> **SUPPLIED RECORDS**
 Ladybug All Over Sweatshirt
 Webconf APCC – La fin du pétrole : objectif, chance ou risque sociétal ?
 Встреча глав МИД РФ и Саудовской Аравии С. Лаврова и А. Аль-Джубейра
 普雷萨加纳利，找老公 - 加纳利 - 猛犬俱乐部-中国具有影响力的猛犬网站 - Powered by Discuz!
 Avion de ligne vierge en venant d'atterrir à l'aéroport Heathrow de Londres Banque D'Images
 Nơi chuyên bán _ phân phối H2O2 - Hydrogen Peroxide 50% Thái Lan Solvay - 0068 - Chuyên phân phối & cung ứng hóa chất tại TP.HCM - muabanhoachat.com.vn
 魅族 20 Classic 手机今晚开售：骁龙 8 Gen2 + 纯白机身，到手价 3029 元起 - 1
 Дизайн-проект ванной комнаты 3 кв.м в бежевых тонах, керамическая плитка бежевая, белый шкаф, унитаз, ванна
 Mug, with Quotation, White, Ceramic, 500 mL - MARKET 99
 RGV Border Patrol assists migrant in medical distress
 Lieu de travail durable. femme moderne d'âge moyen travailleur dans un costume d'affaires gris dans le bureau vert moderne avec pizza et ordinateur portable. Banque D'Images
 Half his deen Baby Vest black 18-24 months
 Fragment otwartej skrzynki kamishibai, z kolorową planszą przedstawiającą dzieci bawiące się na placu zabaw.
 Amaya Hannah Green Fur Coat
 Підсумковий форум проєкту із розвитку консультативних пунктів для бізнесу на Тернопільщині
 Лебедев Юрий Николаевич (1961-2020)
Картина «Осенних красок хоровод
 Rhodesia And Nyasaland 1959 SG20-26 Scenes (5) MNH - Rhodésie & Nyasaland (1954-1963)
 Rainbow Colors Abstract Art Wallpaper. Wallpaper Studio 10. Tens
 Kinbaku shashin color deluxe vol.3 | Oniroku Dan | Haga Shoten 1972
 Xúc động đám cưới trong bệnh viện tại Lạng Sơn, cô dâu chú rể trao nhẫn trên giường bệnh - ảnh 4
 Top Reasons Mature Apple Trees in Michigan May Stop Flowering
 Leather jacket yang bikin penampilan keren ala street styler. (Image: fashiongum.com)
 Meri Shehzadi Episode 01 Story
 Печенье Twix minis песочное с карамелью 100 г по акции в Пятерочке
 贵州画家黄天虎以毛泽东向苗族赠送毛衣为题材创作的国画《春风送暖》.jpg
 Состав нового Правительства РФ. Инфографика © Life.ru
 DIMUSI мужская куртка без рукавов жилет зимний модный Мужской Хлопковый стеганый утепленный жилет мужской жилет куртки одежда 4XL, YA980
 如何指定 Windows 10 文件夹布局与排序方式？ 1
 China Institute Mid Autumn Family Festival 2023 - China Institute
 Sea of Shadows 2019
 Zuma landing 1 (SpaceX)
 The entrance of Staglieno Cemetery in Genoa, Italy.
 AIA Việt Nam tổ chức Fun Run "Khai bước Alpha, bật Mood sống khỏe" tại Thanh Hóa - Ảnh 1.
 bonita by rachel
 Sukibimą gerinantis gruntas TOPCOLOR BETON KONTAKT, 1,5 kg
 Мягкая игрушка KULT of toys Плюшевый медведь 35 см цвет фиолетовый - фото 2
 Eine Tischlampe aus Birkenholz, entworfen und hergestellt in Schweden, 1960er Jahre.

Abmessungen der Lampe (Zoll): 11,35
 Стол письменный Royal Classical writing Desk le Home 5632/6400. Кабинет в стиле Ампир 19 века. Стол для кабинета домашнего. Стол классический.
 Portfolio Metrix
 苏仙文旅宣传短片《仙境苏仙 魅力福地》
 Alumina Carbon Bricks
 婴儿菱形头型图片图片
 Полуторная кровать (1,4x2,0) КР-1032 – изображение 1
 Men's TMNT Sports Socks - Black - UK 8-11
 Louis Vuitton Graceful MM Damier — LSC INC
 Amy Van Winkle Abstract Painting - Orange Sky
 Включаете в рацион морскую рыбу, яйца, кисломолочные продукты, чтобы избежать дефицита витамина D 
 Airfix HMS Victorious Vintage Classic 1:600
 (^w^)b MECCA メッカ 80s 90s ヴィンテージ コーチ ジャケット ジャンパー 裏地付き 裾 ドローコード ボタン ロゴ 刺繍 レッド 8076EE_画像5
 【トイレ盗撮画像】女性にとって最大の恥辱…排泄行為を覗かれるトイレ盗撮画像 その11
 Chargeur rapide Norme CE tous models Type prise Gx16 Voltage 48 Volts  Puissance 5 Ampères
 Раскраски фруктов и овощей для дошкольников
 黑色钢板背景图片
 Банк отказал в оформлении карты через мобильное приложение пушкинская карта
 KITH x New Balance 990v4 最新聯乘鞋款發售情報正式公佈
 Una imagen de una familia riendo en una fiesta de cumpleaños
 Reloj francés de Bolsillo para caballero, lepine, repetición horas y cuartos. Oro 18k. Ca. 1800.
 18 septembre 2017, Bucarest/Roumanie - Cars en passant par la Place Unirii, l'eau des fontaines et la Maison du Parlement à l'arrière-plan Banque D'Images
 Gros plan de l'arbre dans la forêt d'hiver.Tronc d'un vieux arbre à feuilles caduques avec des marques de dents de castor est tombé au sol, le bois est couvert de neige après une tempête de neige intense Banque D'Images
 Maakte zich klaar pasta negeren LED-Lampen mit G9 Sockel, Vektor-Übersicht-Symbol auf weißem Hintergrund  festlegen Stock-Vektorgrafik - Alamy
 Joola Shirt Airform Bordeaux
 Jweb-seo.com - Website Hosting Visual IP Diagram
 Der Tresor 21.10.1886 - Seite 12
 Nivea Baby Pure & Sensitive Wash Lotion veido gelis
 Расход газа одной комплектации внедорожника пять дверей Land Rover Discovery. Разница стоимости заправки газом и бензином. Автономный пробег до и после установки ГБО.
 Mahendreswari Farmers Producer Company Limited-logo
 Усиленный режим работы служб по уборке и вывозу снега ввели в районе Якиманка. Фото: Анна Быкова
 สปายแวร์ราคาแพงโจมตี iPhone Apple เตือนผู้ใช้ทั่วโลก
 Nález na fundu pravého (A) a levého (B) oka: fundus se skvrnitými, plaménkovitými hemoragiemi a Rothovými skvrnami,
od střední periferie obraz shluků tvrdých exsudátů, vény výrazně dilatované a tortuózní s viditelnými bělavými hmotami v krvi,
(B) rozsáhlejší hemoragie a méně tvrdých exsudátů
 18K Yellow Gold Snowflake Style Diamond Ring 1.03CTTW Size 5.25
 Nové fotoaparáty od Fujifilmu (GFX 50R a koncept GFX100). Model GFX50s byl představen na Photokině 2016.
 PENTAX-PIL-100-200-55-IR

> **WORK TO COMPLETE**
Once the line with "The entrance of" is found in the records above, print exactly that line and every line after it through the line with "Louis Vuitton Graceful MM Damier — LSC INC".

> **ANSWER TO THE EXERCISE**
 The entrance of Staglieno Cemetery in Genoa, Italy.
 AIA Việt Nam tổ chức Fun Run "Khai bước Alpha, bật Mood sống khỏe" tại Thanh Hóa - Ảnh 1.
 bonita by rachel
 Sukibimą gerinantis gruntas TOPCOLOR BETON KONTAKT, 1,5 kg
 Мягкая игрушка KULT of toys Плюшевый медведь 35 см цвет фиолетовый - фото 2
 Eine Tischlampe aus Birkenholz, entworfen und hergestellt in Schweden, 1960er Jahre.

Abmessungen der Lampe (Zoll): 11,35
 Стол письменный Royal Classical writing Desk le Home 5632/6400. Кабинет в стиле Ампир 19 века. Стол для кабинета домашнего. Стол классический.
 Portfolio Metrix
 苏仙文旅宣传短片《仙境苏仙 魅力福地》
 Alumina Carbon Bricks
 婴儿菱形头型图片图片
 Полуторная кровать (1,4x2,0) КР-1032 – изображение 1
 Men's TMNT Sports Socks - Black - UK 8-11
 Louis Vuitton Graceful MM Damier — LSC INC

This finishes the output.